THE STUDY: ACE enlisted John P. Porcari, Ph.D., and his research team in the Department of Exercise and Sport Science at the University of Wisconsin–La Crosse to evaluate the training effects of foam rolling on lower-body flexibility and mobility and performance.

The research team recruited 34 volunteers to participate in the study, who were placed into either the foam rolling group or a control group.
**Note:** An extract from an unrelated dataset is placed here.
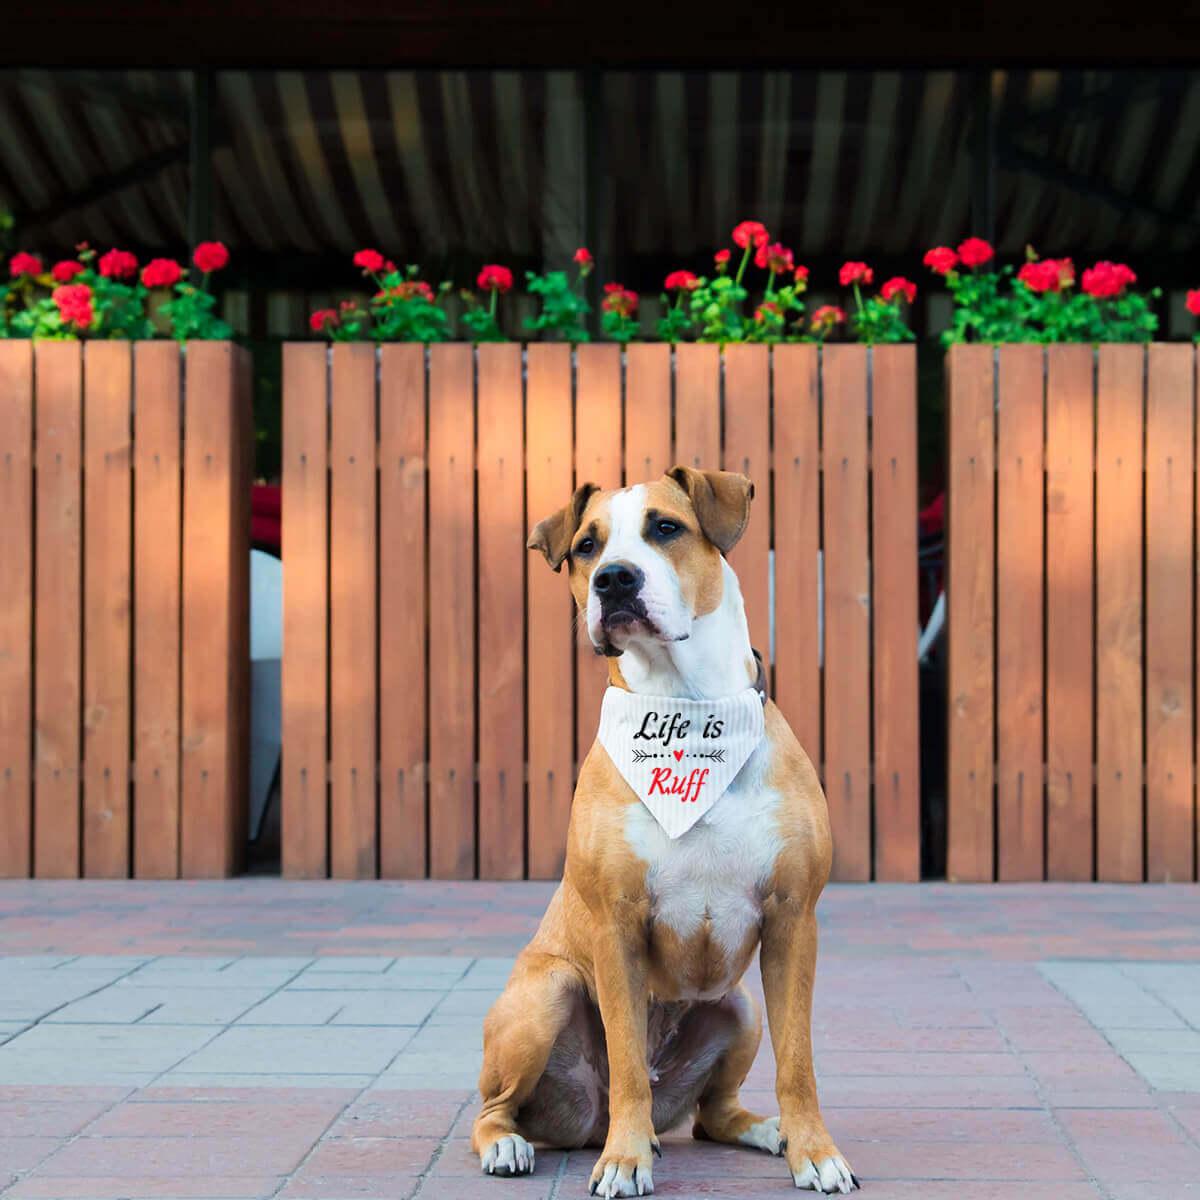 Dog_Bandana-2

In addition to height and weight, the following baseline data were collected during the initial session after a five-minute warm-up:

  • Ankle and knee range of motion
  • Hamstrings flexibility
  • Vertical jump height
  • Agility

The foam rolling group participated in instructor-led sessions three days per week for six weeks. Each session consisted of foam rolling the lower back, buttocks, quadriceps, hamstrings, calves, and iliotibial bands. Each body part was foam rolled for 20 seconds and the entire sequence was repeated three times – each session lasting approximately 15 minutes. After the six weeks, all participants were reevaluated using the same testing procedures used prior to the beginning of the study.

RESULTS: The foam rolling group had a statistically significant increase in sit-and-reach distance from pre- to post-testing, which was also statistically greater than the change in the control group. It was reported anecdotally that the foam rolling group felt more flexible and felt like they could jump higher at the conclusion of the study. In addition, foam rolling did not negatively affect athletic performance, as measured by agility or vertical jump height.

While the study also compared results of knee range of motion, vertical jump and time of a simple running test (T-test), neither group showed significant changes. Results from ankle range of motion were inconclusive, as both groups had statistically significant improvements in ankle range of motion over the course of the study.

BOTTOM LINE: This research found that for the participants in this study, foam rolling as a form of self-myofascial release significantly improved flexibility and did not negatively affect athletic performance. For personal trainers, foam rolling may be a solid practice to incorporate before and after workout sessions to improve a client’s overall athletic performance and flexibility overtime.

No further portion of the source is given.